Get 'em while they're young!

Nov. 15, 2007
I had just received the following email from Lynn Craig, one of the founders of the batch standard ISA88 and the manufacturing standard, ISA95, when it came time for me to meet with Rockwell Automation Chairman and CEO Keith Nosbusch on Tuesday, here at Automation Fair.
Folks - I don't always agree with Walt Boyes, but I think he is on to something fundamental when it comes to the whole technical recruitment issue.  He recently said the followin...
I had just received the following email from Lynn Craig, one of the founders of the batch standard ISA88 and the manufacturing standard, ISA95, when it came time for me to meet with Rockwell Automation Chairman and CEO Keith Nosbusch on Tuesday, here at Automation Fair.
Folks - I don't always agree with Walt Boyes, but I think he is on to something fundamental when it comes to the whole technical recruitment issue.  He recently said the following: "The problem isn't that companies don't recruit from and support college level engineering schools. Many companies do. Companies donate equipment, even complete control systems, to engineering schools. They make available software at vastly reduced prices to schools and even individual students. ISA is also taking a stab at this, but its program also concentrates on the college student. Unfortunately, doing all this is too little, too late." Let me make it clear that I do not believe recruiting at the college level is wrong.  The effort at the college and University level is needed and probably needs to be expanded.  Few Colleges and Universities even have the ability to produce Bachelor level Engineers who know much of anything about control.  I do agree strongly with Walt, though, that the course most college students follow is very often set before they get to college.  Almost nothing is happening at the high school (or earlier) level that can influence a young potential engineer to consider an engineering curriculum.  A year into a college program and it is essentially too late.    Many years ago there was an active engineering effort tied to "Engineering Week" or something like that.  Practicing engineers were recruited to talk to high school classes.  I enjoyed those opportunities and have had people tell me many years later that my talk had something to do with their decision to pursue a technical career.  We have, in the AF, the potential for programs and the people who could make a difference but we are also all struggling for funding.  It is hard to justify spending anything on a program to influence young people to our profession when we are scrabbling to squeeze the last drop out of each nickel right now today.  It would help a enormously if there were some sort of funding specifically focused on recruiting potential engineers (instrument, control and automation engineers in our case).  It is a national issue.  Could that - should that - become one of the thrusts of the Automation Federation workforce development initiative?  If AF can get that funding, WBF can spend some of it very efficiently and effectively.

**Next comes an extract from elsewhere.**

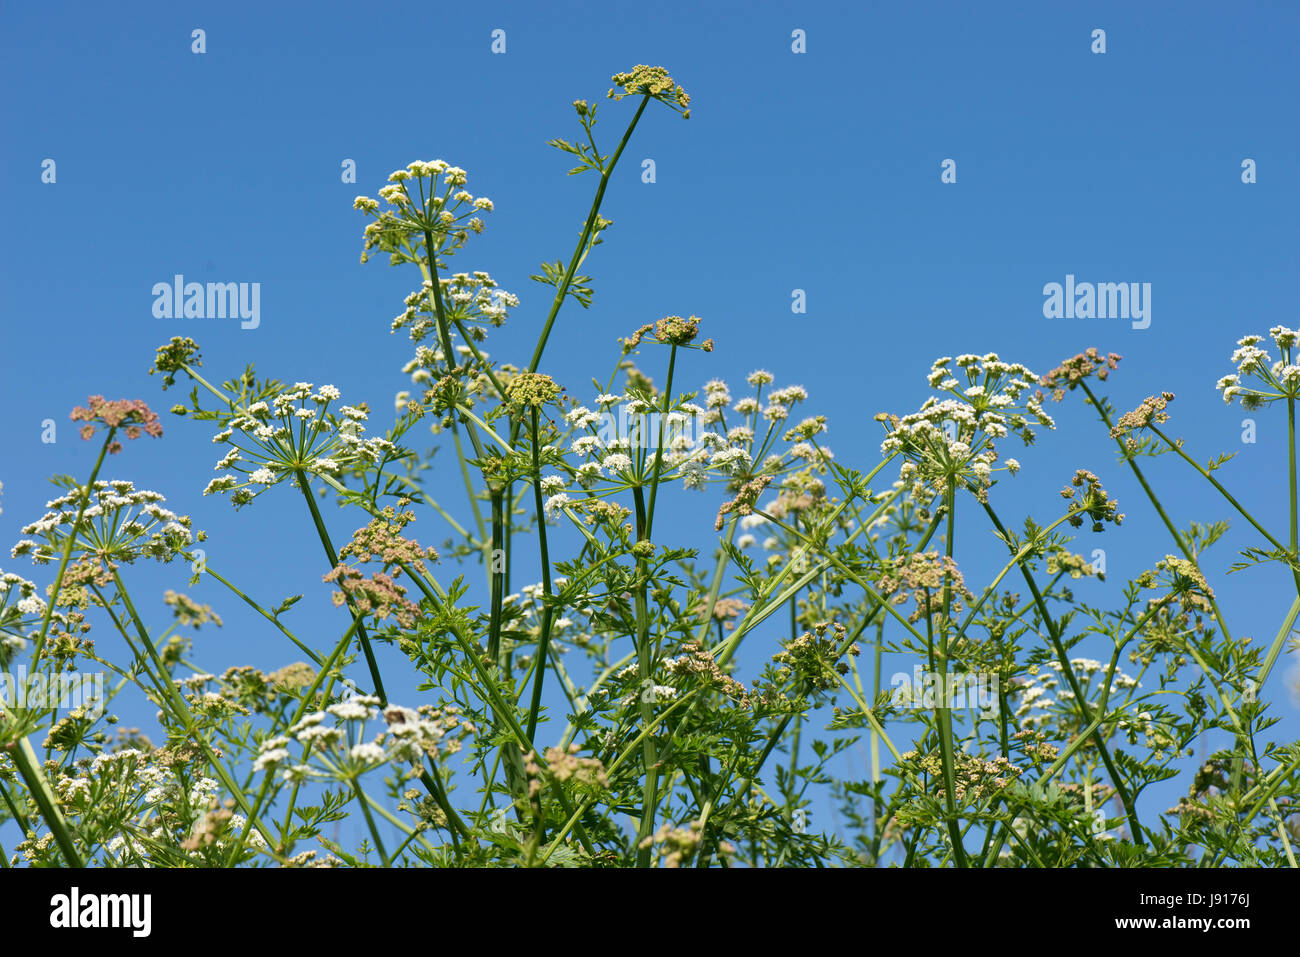 Hemlock Wasser asiatische, Oenanthe Crocata, weiße Dolden giftiger Doldengewächse Pflanze gegen einen blauen Sommerhimmel, Chesil Beach, Dorset, Mai Stockfoto

I shared part of that with Keith Nosbusch, and pretty soon he was bouncing up and down in his chair, and I was bouncing up and down in my chair, and we were enjoying the pleasure of a shared passion. Nosbusch too, and thereby Rockwell Automation, shares my intense passion for getting more young people involved in manufacturing and in the automation industry.

And Rockwell Automation, financially, and through the volunteerism of its staff members, high and low, supports this strongly through its involvement in STEM education (Science, Technology, Engineering and Mathematics) and the FIRST Robotics program.

Rockwell supports this so much that they've dedicated a very large part of the show floor at Automation Fair (and not way off in a back corner where nobody would go there, either) to the FIRST Robotics program.

Yesterday afternoon, I accompanied Nosbusch to the FIRST Robotics booth, where he met, chatted with, and did photo opps with the young people who were demonstrating the robots they'd built for their award-winning team. We met Julia Loeb, an "education intervention specialist" from Cleveland, who has been retired for the past two years from her teaching career, but who volunteers to lead and mentor a FIRST Robotics team anyway. We met Susan Lawrence, the regional director of FIRST Robotics, who walked us through how the program works. And we met Dr. Dennis Roberson, vice provost of new initiatives and research professor of computer science at Illinois Institute Of Technology, who is on the FIRST Robotics Board of Directors.

But what was especially interesting was a shy and self-effacing young woman with a RA Employee name tag on, Katie Hall, who was quietly helping to make the booth run, helping the FIRST Robotics team members work on their robots, and helping the rest of the Rockwell staff prepare for the Boss' visit. She was pointed out to me as a graduate of the FIRST Robotics program who now is a RA Employee. She works in the Quality Lab in one of the RA plants. We'll be interviewing her at length for an article next year, because she embodies everything Keith Nosbusch and I and the others like us are trying to do. I asked her if she liked working in manufacturing, especially as a young person, and her eyes lit up and sparkled. "Yes!" she exclaimed.